We can finally build a new function with a custom forward and backward pass:

#[pyfunction]
#[pyo3(name = "forward")]
fn exp_forward(x: PyTensor) -> PyTensor {
    // TODO call metal kernel
    PyTensor(x.0.exp())
}

#[pyfunction]
#[pyo3(name = "backward")]
fn exp_backward(x: PyTensor, grad: PyTensor) -> PyTensor {
    // TODO call metal kernel
    PyTensor(x.0 * grad.0)
}

fn exp_module() -> impl Fn(Tensor) -> Tensor {
    init_tensor_op1("exp", |m| {
        m.add_function(wrap_pyfunction!(exp_forward, m)?)?;
        m.add_function(wrap_pyfunction!(exp_backward, m)?)?;
        Ok(())
    })
}

/// Create a function that modifies 1 tensor and returns 1 tensor.
/// The forward() and backward() functions are registered in the fn_register closure.
fn init_tensor_op1(
    name: impl AsRef<str>,
    fn_register: impl Fn(&PyModule) -> PyResult<()>
) -> impl Fn(Tensor) -> Tensor {
    let fun = init_pymodule(name, fn_register)
        .expect("failed to initialize module");

    move |tensor: Tensor| {
        Python::with_gil(|py| {
            fun.call1(py, (PyTensor(tensor),))
                .expect("failed to apply")
                .extract::<PyTensor>(py)
                .expect("it wasn't a PyTensor??")
                .0
        })
    }
}

As my TODOs note, ideally we would be building up larger tensor ops with many operations. Adding GPU acceleration would require jumping to yet another language, a Metal shader for my system (or try and hook into the unfinished Metal Performance Shader backend - see #86076 for info on the future of the Metal backends). After writing all that boilerplate, I decided PyTorch was a bit too bulky for my liking. I’m having to route calls through

  • Modules implemented in Rust to
  • Tensor ops written in Python which may contain
  • forward and backward passes written in Rust which will call
  • kernels written in Metal / GLSL / HLSL.

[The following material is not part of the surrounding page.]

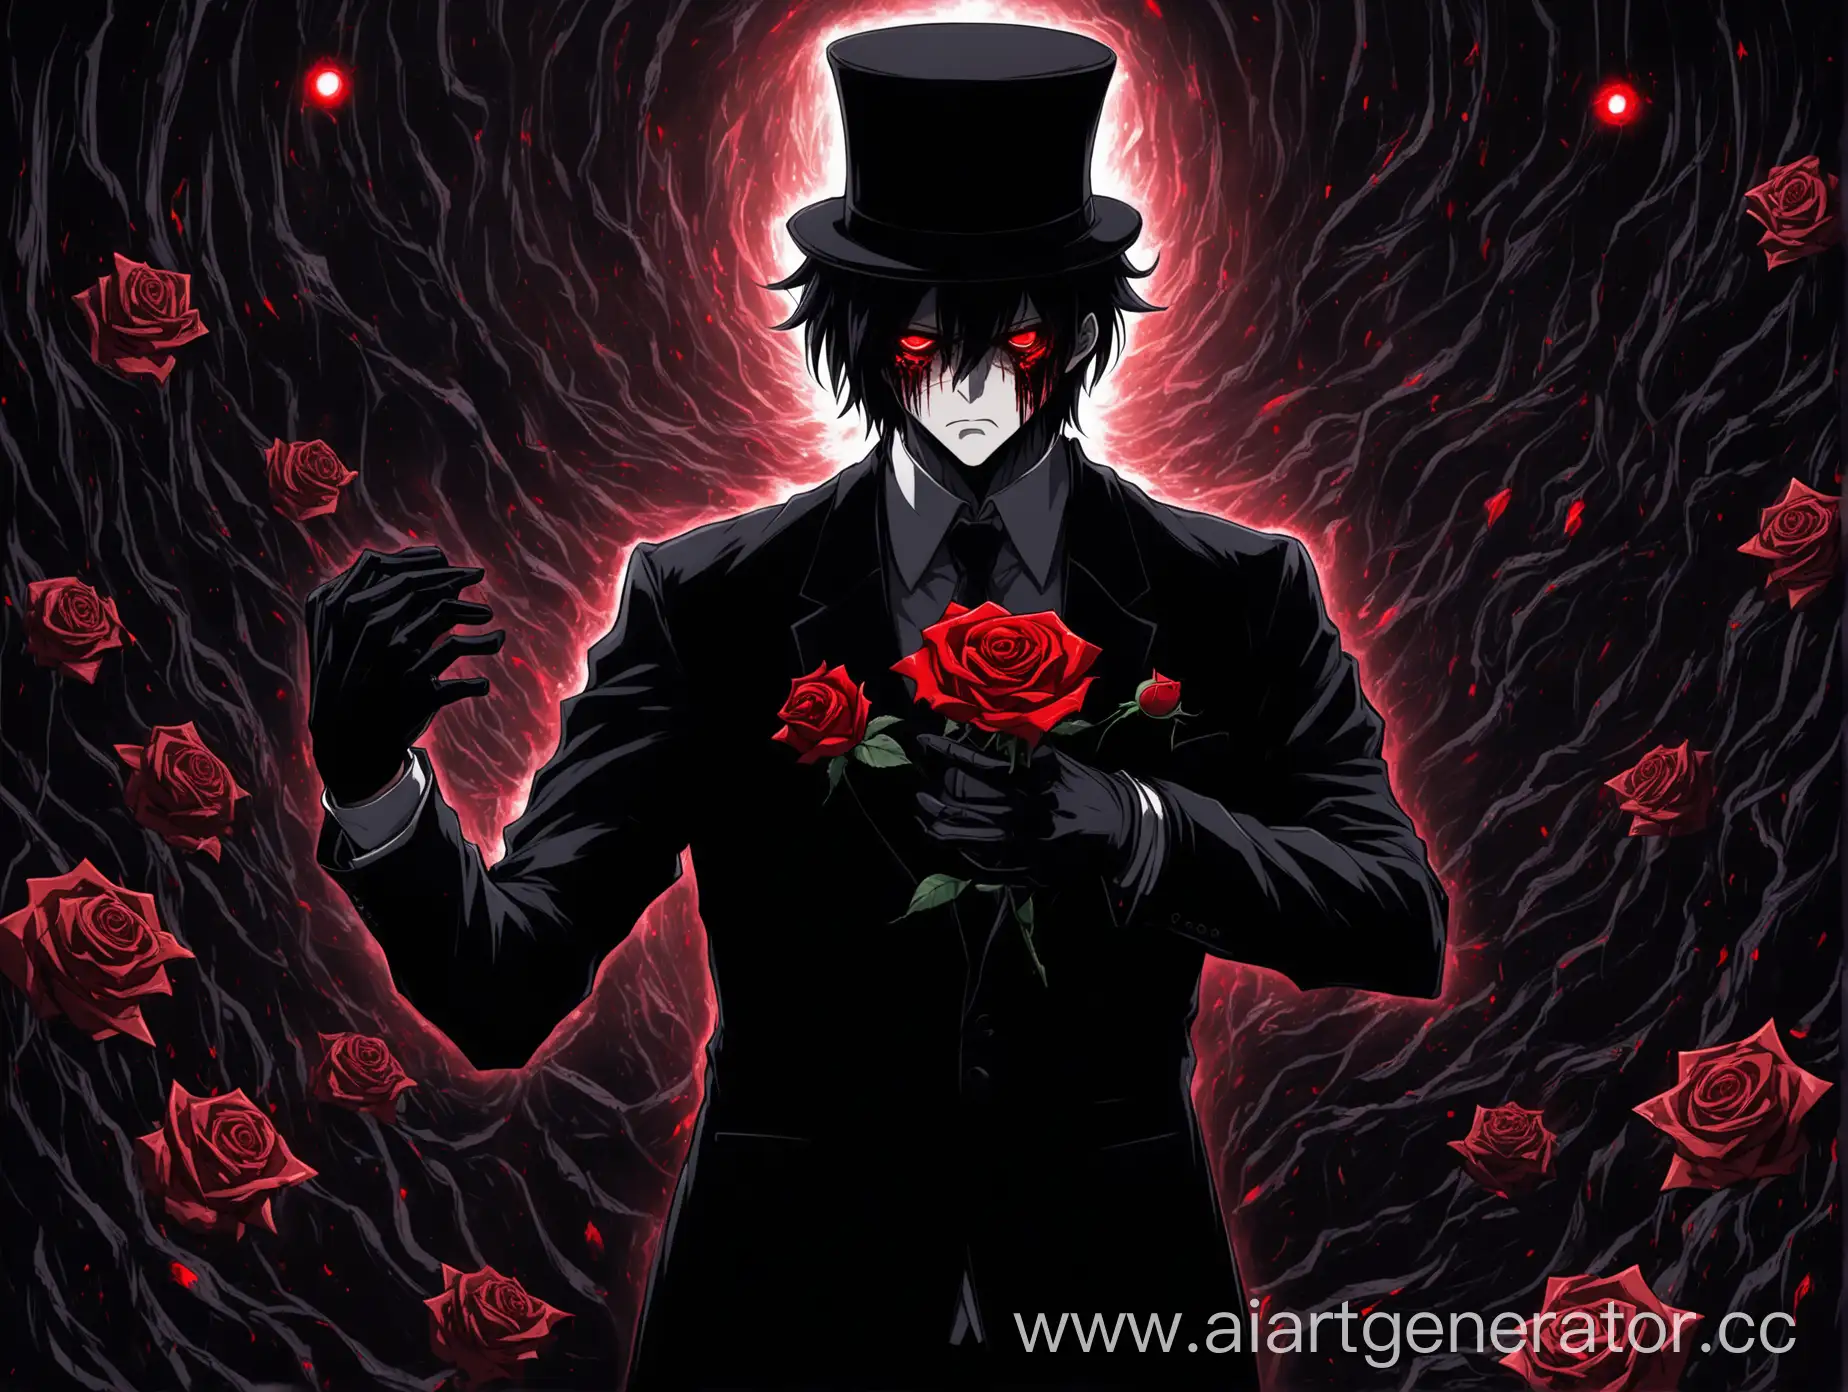 Desperate-Mysterious-Character-Black-Suit-Anime-Style-with-Red-Rose

That’s a lot of movement and wasted CPU cycles in a clientside application that is already stretching the limits of the system. If you already have a large PyTorch application and are wanting to add a small amount of Rust, using tch-rs may be a fine approach if you’re willing to juggle the extra complexity. I didn’t even mention installing everything, which required a fork of tch-rs and building nightly PyTorch from scratch for bfloat16 support on macOS.

Thankfully there are some alternatives in the ecosystem for a fully Rust program. There are some extra requirements I am wanting, and although existing frameworks look great they are missing some things.

  • Burn from Tracel.ai is an ML framework that includes kernel fusion and multiple backends for GPU acceleration. For macOS support, fusion requires using their WebGPU backend but wgpu doesn’t support (b)float16.
  • Candle from HuggingFace is an ML framework that includes a Tensor API with custom kernels for ops. It supports Metal 3’s bfloat16 and training models with lots of LLM examples.

Burn also includes a backend for Candle, so we can use Burn’s Autodiff<B> backend decorator to add autodiff to Candle’s Metal kernels. More investigation needs to be done on these, but they look more flexible than bundling PyTorch.